The present study may pioneer evaluation of pectoralis muscle strength. We proved that the pectoralis muscle strength was decreased and it was an independent predictor of FVC% value in patients with IPF. This result will contribute to understanding of skeletal muscle dysfunction and the relationship between skeletal muscle strength and pulmonary function in this population with limited data.

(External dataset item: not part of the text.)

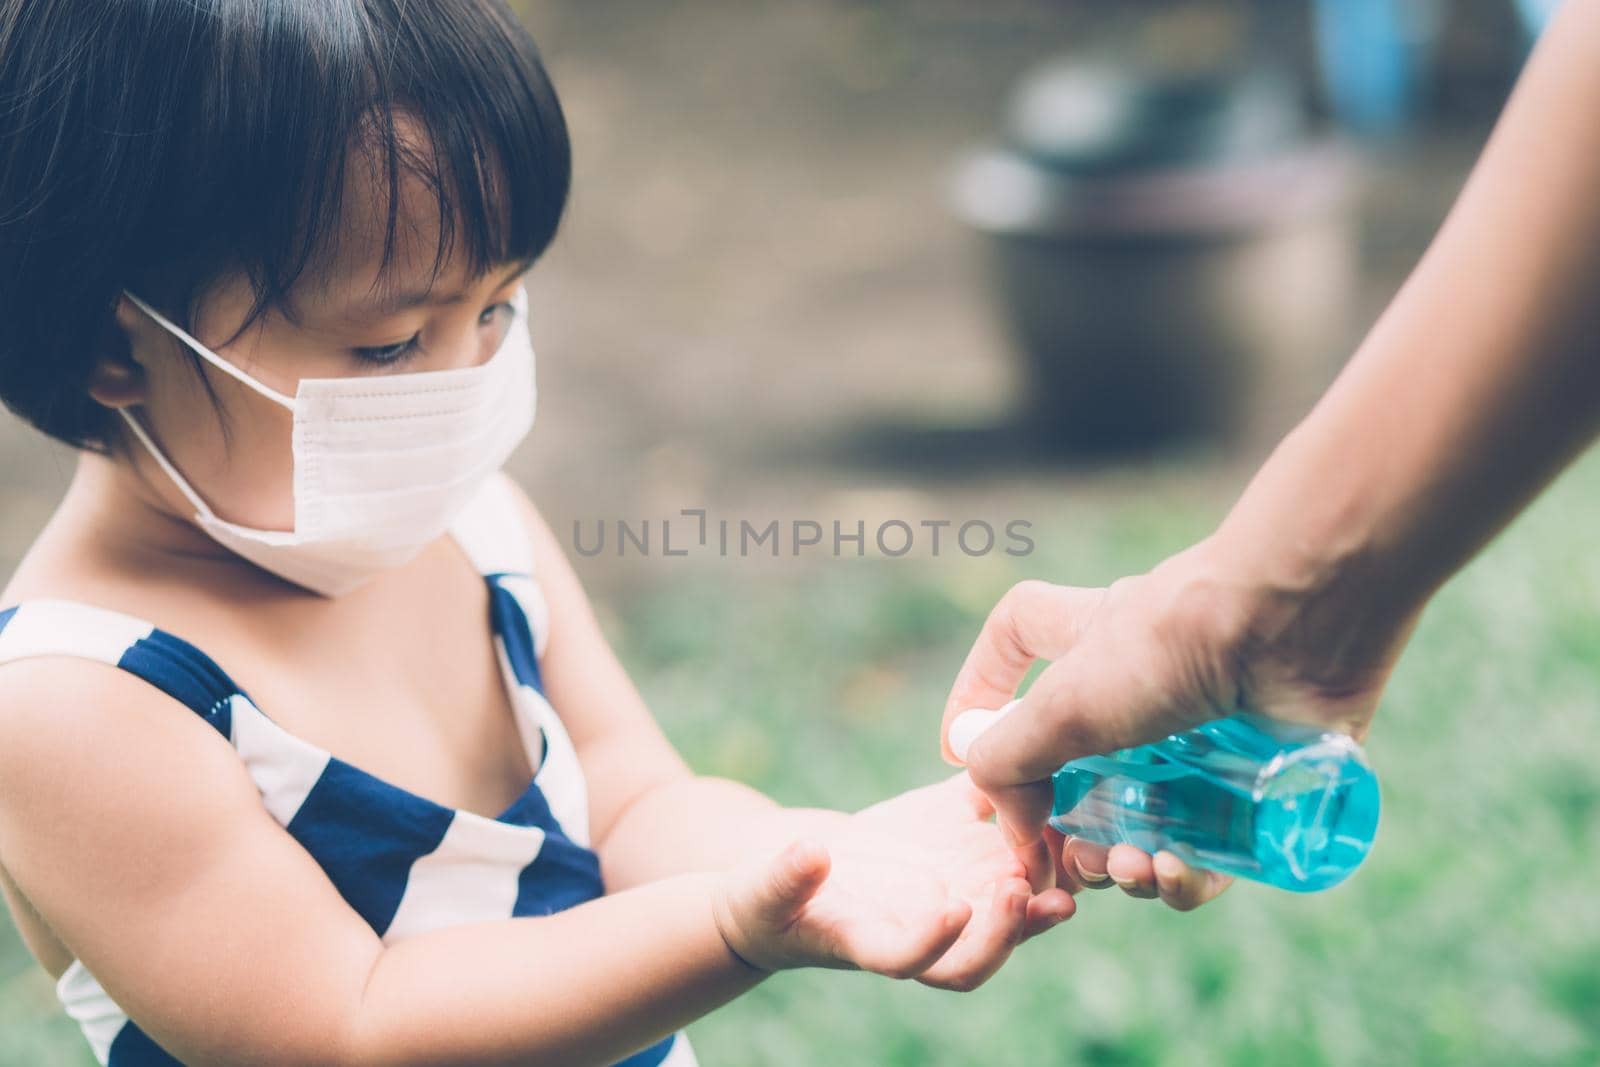 Mother take care son with face mask and sanitizer for protection disease flu or covid-19 outdoors, mom and child wearing medical mask clean hand for safety for outbreak of pandemic in public.

Will exercise training programs for the pectoralis muscle may improve lung mechanics and respiratory volume, as in COPD? Further research in which muscle cross-sectional area and muscle strength are evaluated together is needed for more comprehensive investigation of the relationship between pectoralis muscle strength and patient clinical variables, such as exercise capacity, pulmonary function, and health-related quality of life.

Clinical Implication

The pulmonary function test is gold standard for measurement of spirometric value but when the pulmonary function test cannot be measured in cases such as airway contamination or advanced age of the patient, pectoralis muscle strength test may be use for assessment of pulmonary function with an easy and well tolerated method. Since measurement of pectoralis muscle strength is a low-cost, rapid and clinically beneficial test, it may be beneficial for the patient to use it in geriatric patients and also patients require quicky decision.